The opening work needs little discussion. Arnold Bax, was English, but could be regarded as an honorary Irishman or Celt. His beautiful Clarinet Sonata in D major, composed in 1934, is one of my favourite pieces for that instrument. This two-movement work explores a musical language that owes more to Strauss, Debussy and Scriabin than to any overt Irish influence. However, to my ear, the music is chock full of the Celtic Twilight. This is a challenging piece for clarinettist and pianist, with lots of chromaticism and a thick, complex and often intense piano part. It has been suggested that some of the ‘concentrated’ piano writing may be an acknowledgement of Bax’s long-term love affair with Harriet Cohen. The premiere of this work was given at a London Contemporary Music Centre concert at Cowdray Hall on 17 June 1935. The clarinet soloist was Frederick Thurston, with the piano part played by Cohen.
Eric Sweeney’s Duo for clarinet and piano (1991) is a delight. Apparently, the composer used to utilise serial techniques and extended tonality, before having an ‘Epiphany’ in the late 1980s. His style now appears to be a fusion between Irish folk music and minimalism. It is an exciting and enjoyable piece.
Equally charming is Enniskillen-born Joan Trimble’s short atmospheric The Pool among the Rushes for clarinet and piano, written in 1940. It follows an old Irish tradition of naming works after everyday places. My only regret with this piece is that it is too short. I should have liked it to go on for ever.
Gerald Barry’s Trumpeter for clarinet solo is defined as a three-part melody played over six times, with microscopic alterations. The liner notes suggest that this creates a timeless effect. Hmm. Not sure what the relevance of the title is. I think this could be played on any instrument, including the trumpet…
Barry’s other piece, Low for clarinet and piano was composed in 1991 and written for the present soloist John Finucane.
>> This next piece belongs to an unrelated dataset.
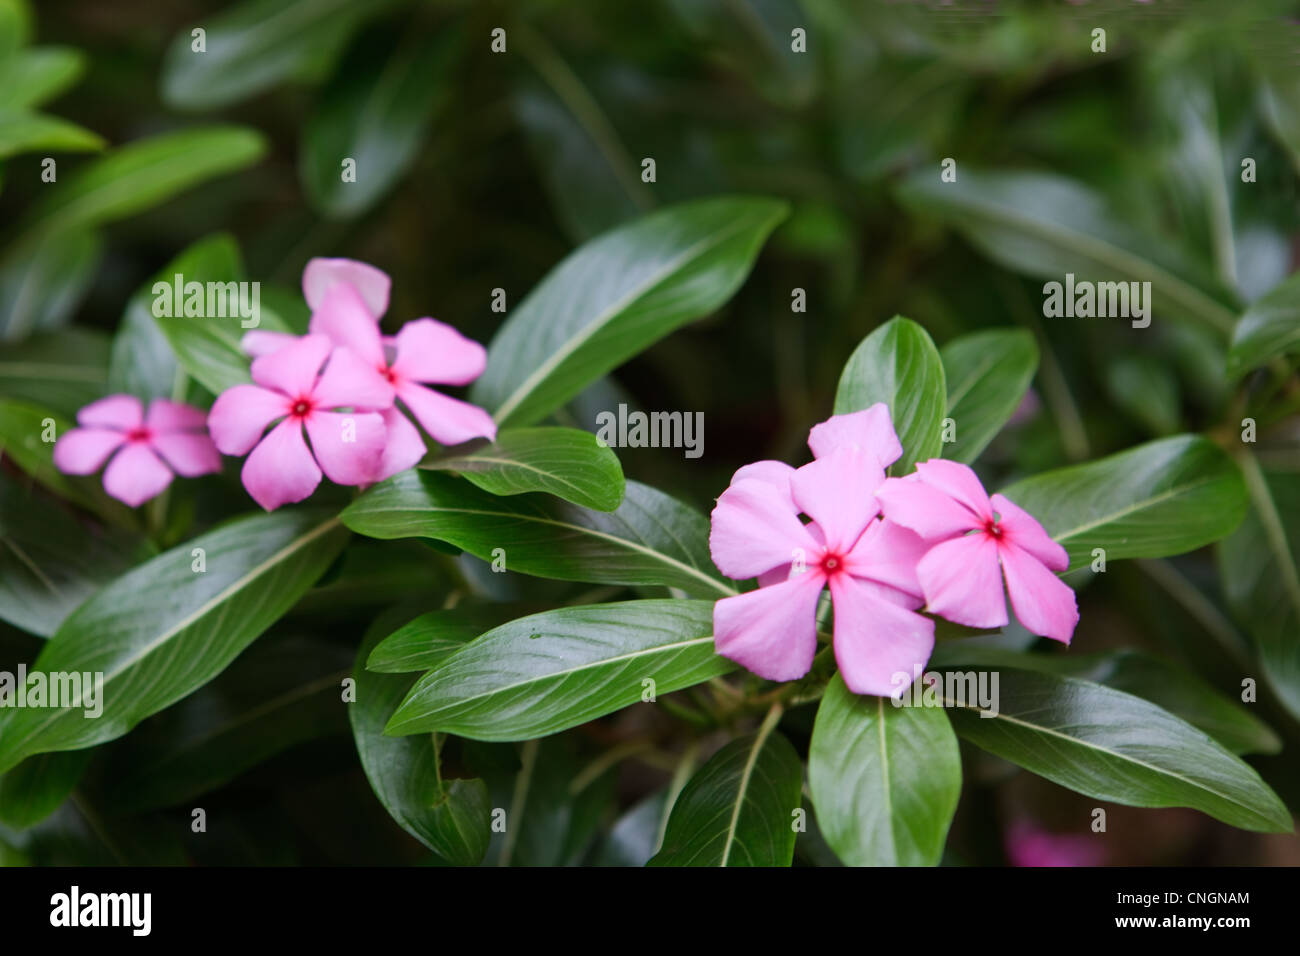 Phlox plants with mauve flowers Stock Photo

Here, the composer seems to get in the groove, with a jazzy, ragged melody with an equally fraught accompaniment. The work explores all the contrasting registers the clarinet: it is certainly not gentle on the mind, but an enjoyable piece all the same.
I have always enjoyed Howard Ferguson’s Four Short Pieces for clarinet and piano, op.6 (1932-36). The movements are entitled ‘Prelude’, ‘Scherzo’, ‘Pastoral’ and ‘Burlesque’. Once again, they suffer from being too short, although they are near perfect miniatures.
There is no doubt that Charles Villiers Stanford’s Clarinet Sonata, op.129 is a masterpiece. It was composed in 1911 and dedicated to the clarinettists Oscar Street and Charles Draper. It is usually described (sometimes sneeringly) as owing everything to Brahms in its style. However, every time I hear this work its innate ‘Irish-ness’ becomes clearer to me. To be fair, it is not a rhapsody of folk-tunes: there is no jigs or hornpipes here. The heart of the work is the beautiful ‘Caoine’ (Keen) which implies a lament. This movement is heart-breakingly beautiful: in my opinion one of the finest things Stanford wrote. It was often excerpted by a previous generation of recitalists: I think it needs to be heard solidly in its context. The overall impression of this Sonata, is quite simply ‘the joy of being alive.’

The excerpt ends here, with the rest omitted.